**Exercise instructions**
Start at the line with "The SimpleQuest 2 overworld" and print every line through the end of the material below. Keep it exact and free of pictures.

══ Exercise data ══

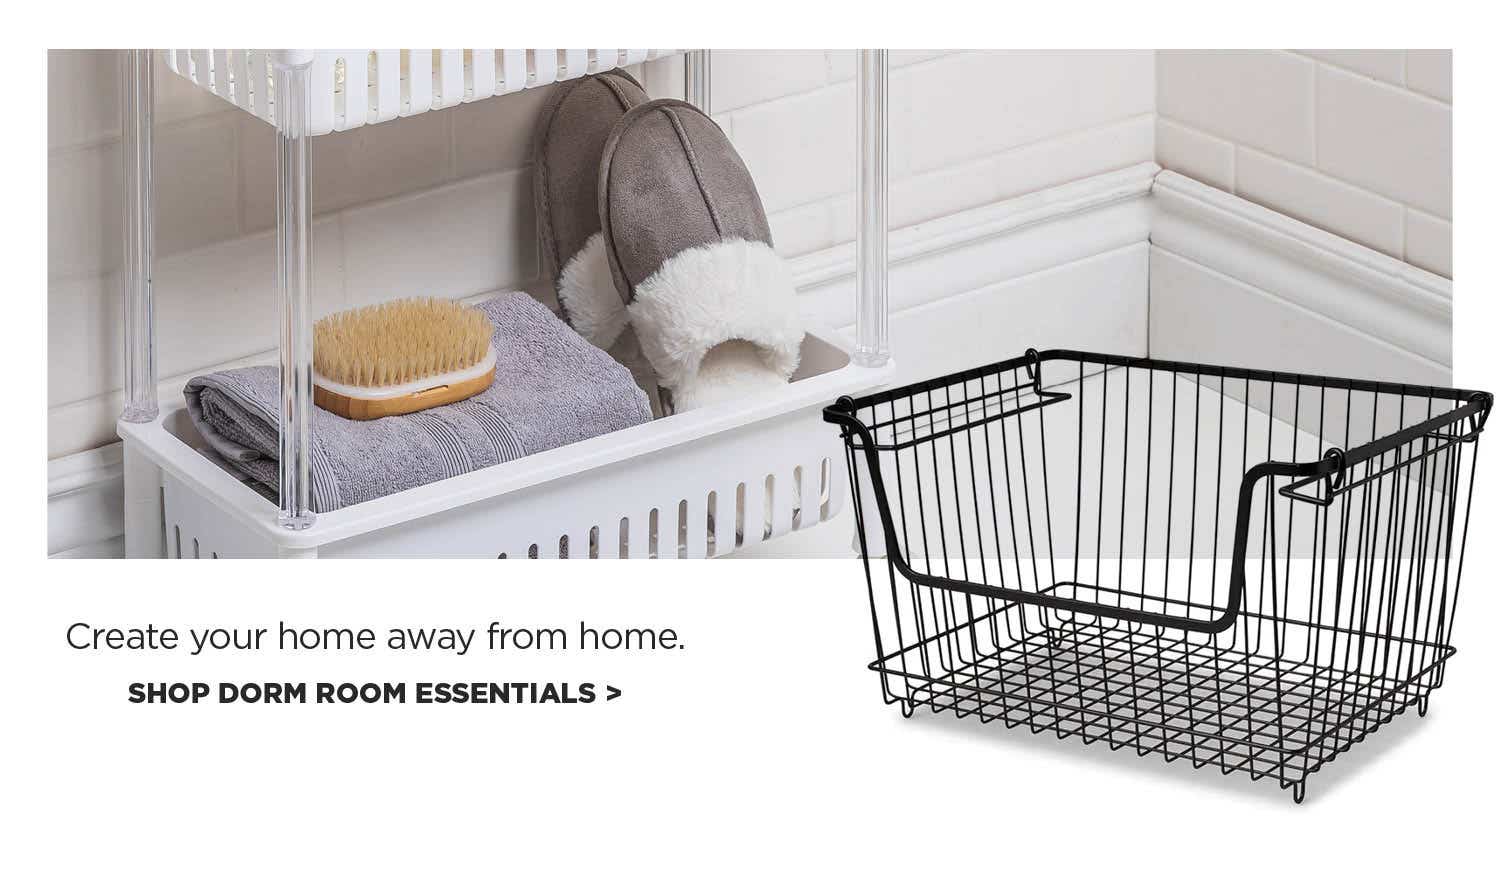 Create your home away from home – stacking basket and rollaway storage with towels and slippers
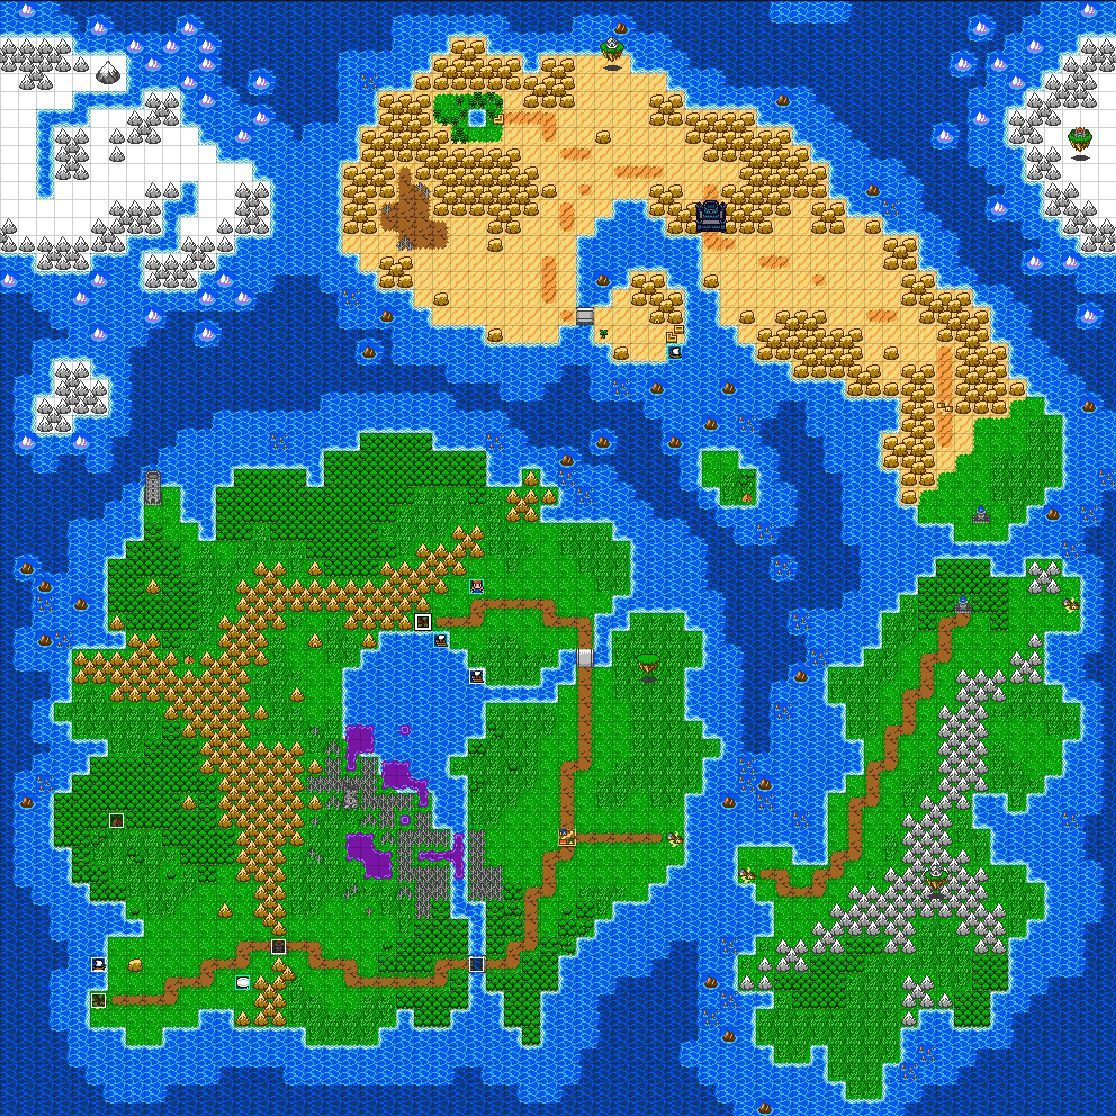 The SimpleQuest 2 overworld
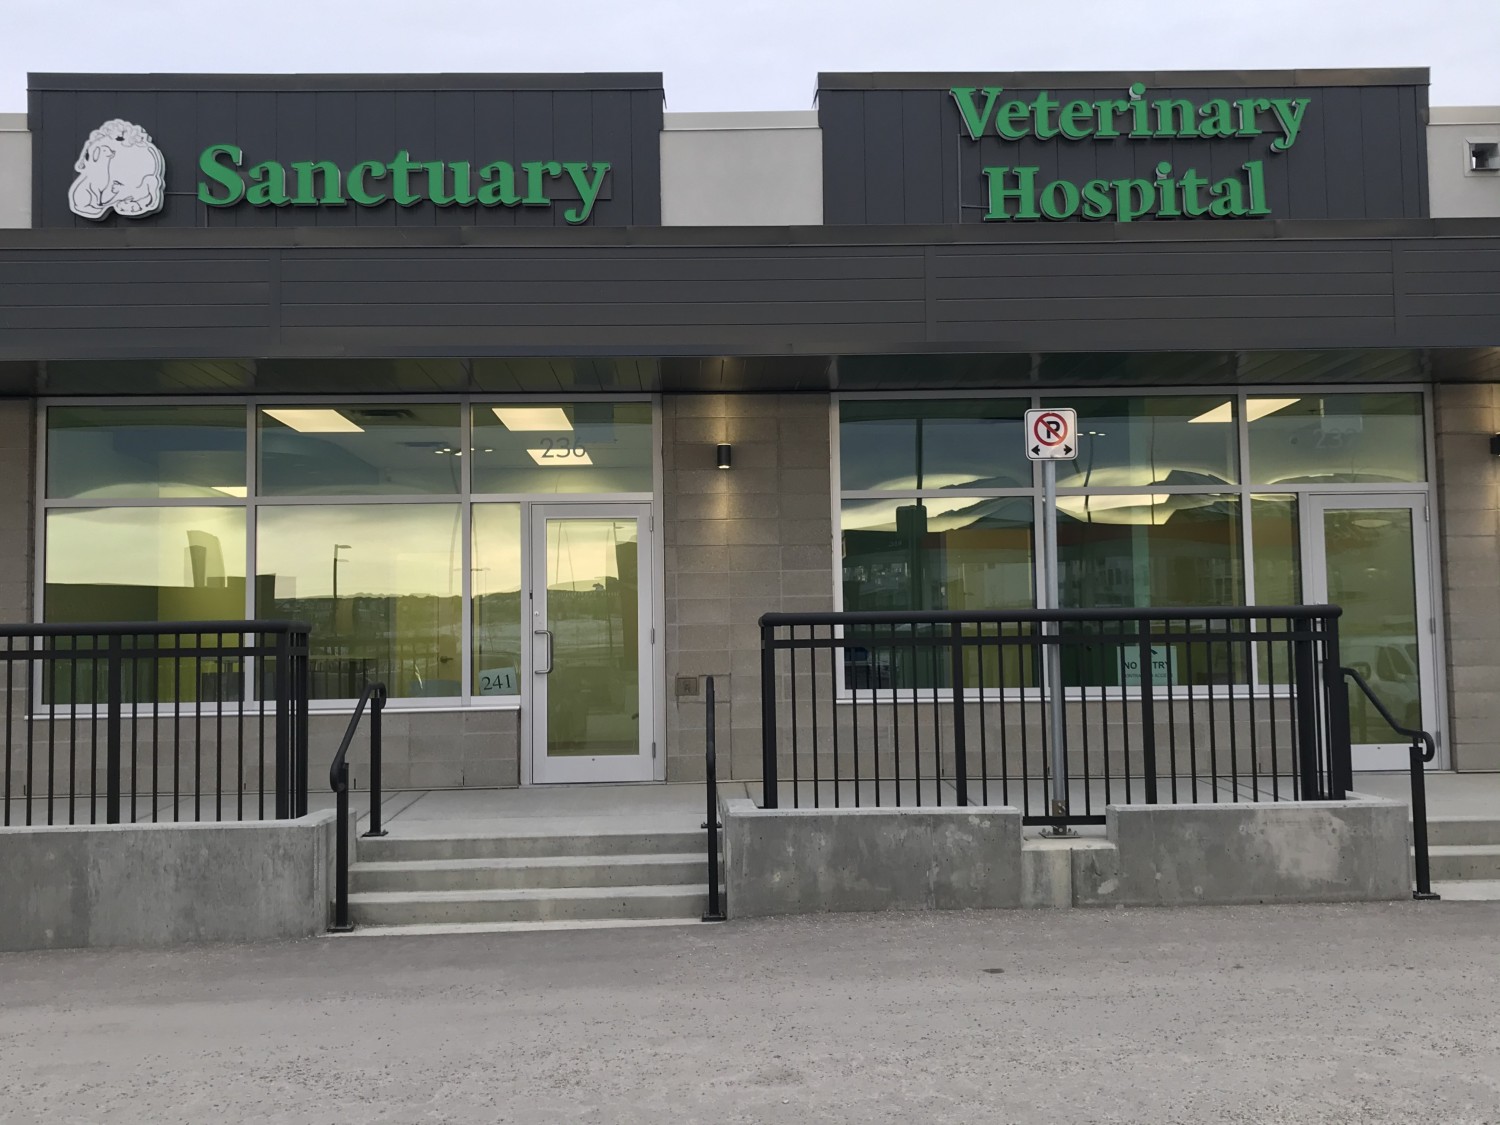 Sanctuary Veterinary Hospital - Our Practice

═══

**Answer**
 The SimpleQuest 2 overworld
 Sanctuary Veterinary Hospital - Our Practice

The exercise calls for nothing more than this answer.